The breeding programs at the Colombian Corporation for Agricultural Research (Agrosavia), Zamorano University (Honduras), and Mozambique’s Institute of Agricultural Research (IIAM) are project partners. These collaborators will receive the genetic material produced by CIAT to continue selecting potential bean varieties that can help farmers face heat-related challenges brought about by climate change. Research will also be done hand in hand with farmers, who are essential to determining if new materials meet the expectations of consumers.

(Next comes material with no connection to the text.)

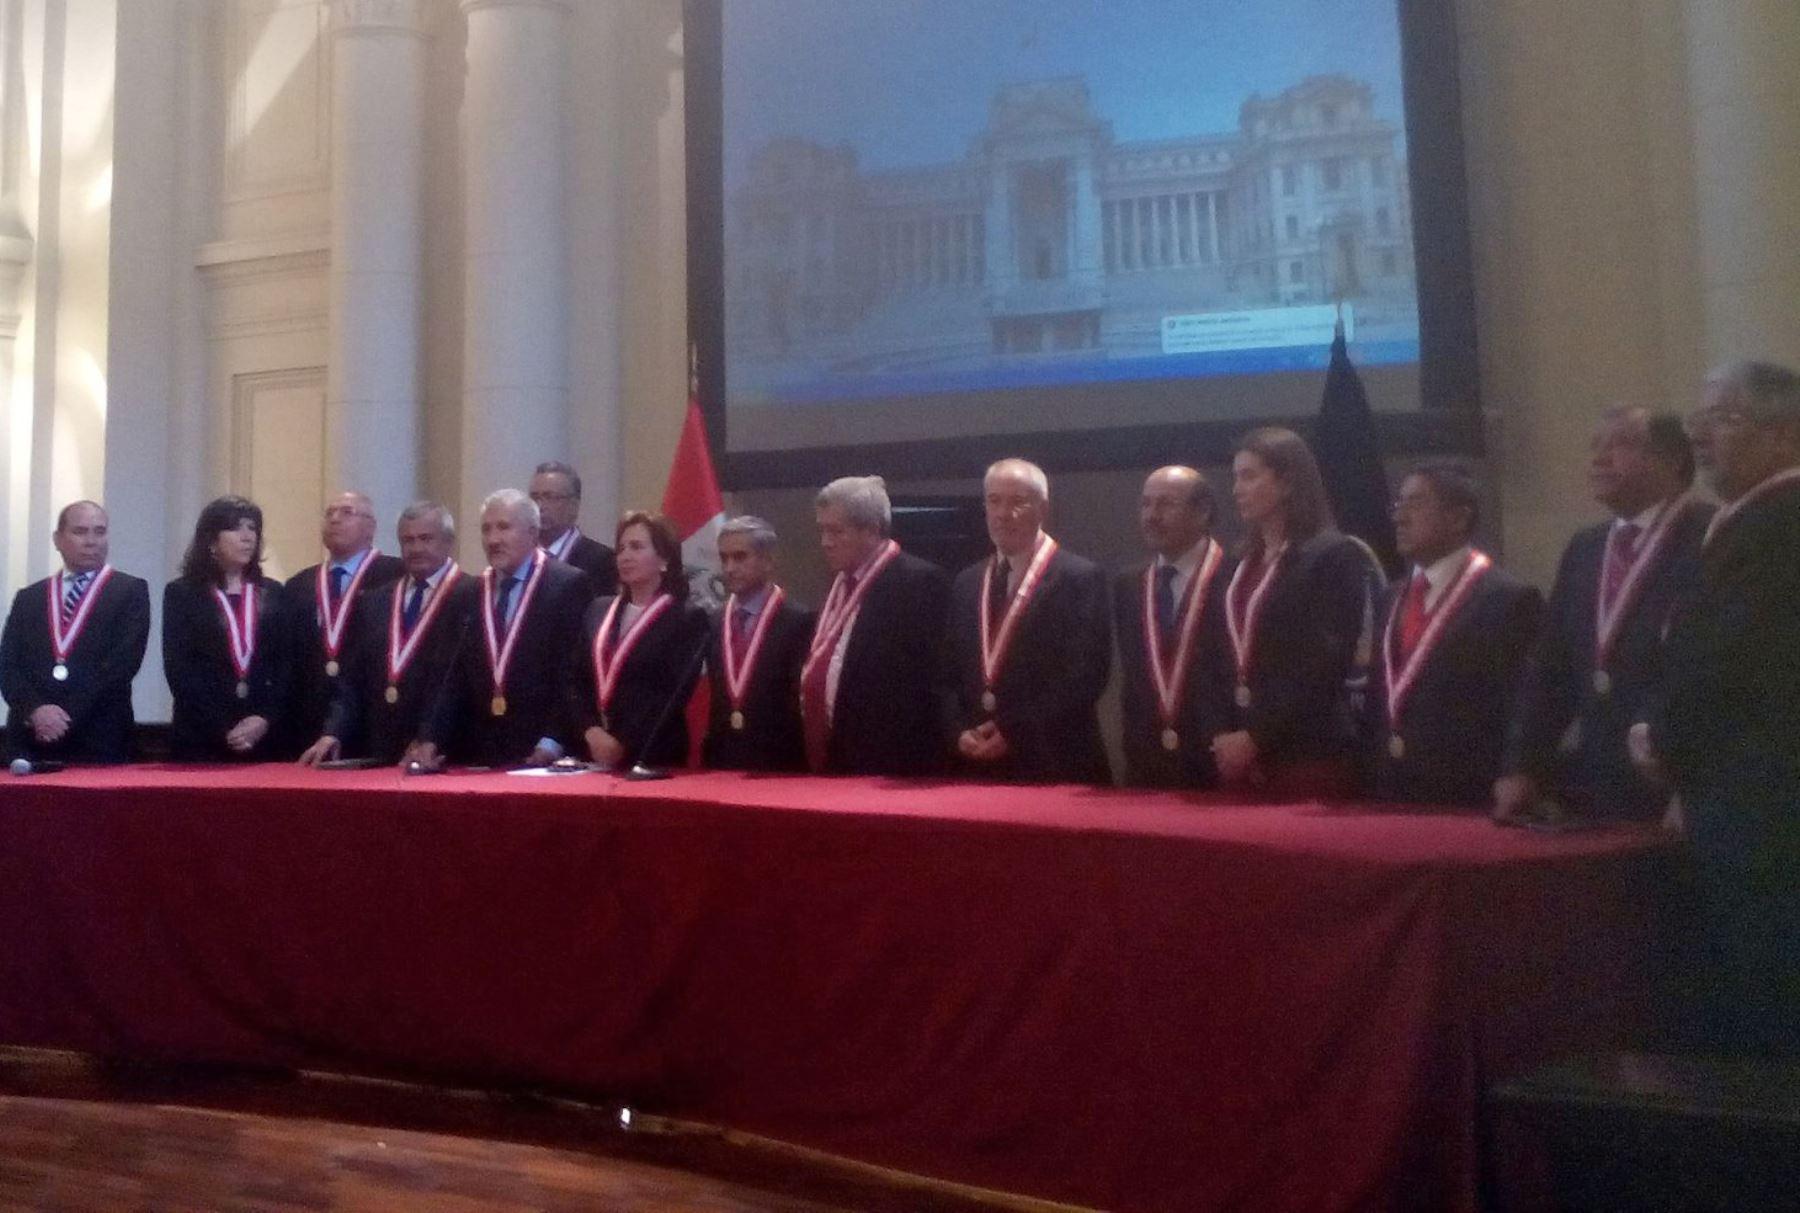 Juez Duberlí Rodríguez es el nuevo presidente del Poder Judicial. Foto: Poder Judicial.

“We want partners – and farmers – to make the most out of the material CIAT is transferring to them,” said Steve Beebe, the leader of the bean program at CIAT. “In the end, we hope to see the release of a variety that not only can survive higher temperatures, but also shows commercial appeal in terms of production and disease management, and, ultimately, improves the quality of life of smallholders.”

“The results of this project, including all selected advanced tepary-introgression lines, will be available to all breeding programs around the world,” said Benjamin Kilian, a senior scientist at the Crop Trust. “We are excited to be supporting CIAT scientists in their efforts to harness the use of wild relatives in helping adapt our agriculture to climate change.”

This research is part of the project “Using bean populations derived from Phaseolus acutifolius to advance towards generation of new bean varieties and discerning the traits and genetic base associated to heat tolerance,” led by CIAT. It is also one of 19 CWR pre-breeding efforts (19 crops, 100+ partners in 45 countries) which form part of the Crop Wild Relatives (CWR) project “Adapting agriculture to climate change: collecting, protecting and preparing crop wild relatives,” funded by the Norwegian Government, and coordinated by the Crop Trust with the Millennium Seed Bank, Kew (http://www.cwrdiversity.org/).

All plant genetic materials collected and developed, including accompanying data, under the CWR Project are shared under the terms of the Standard Material Transfer Agreement (SMTA) within the framework of the Multilateral System of the International Treaty on Plant Genetic Resources for Food and Agriculture (ITPGRFA).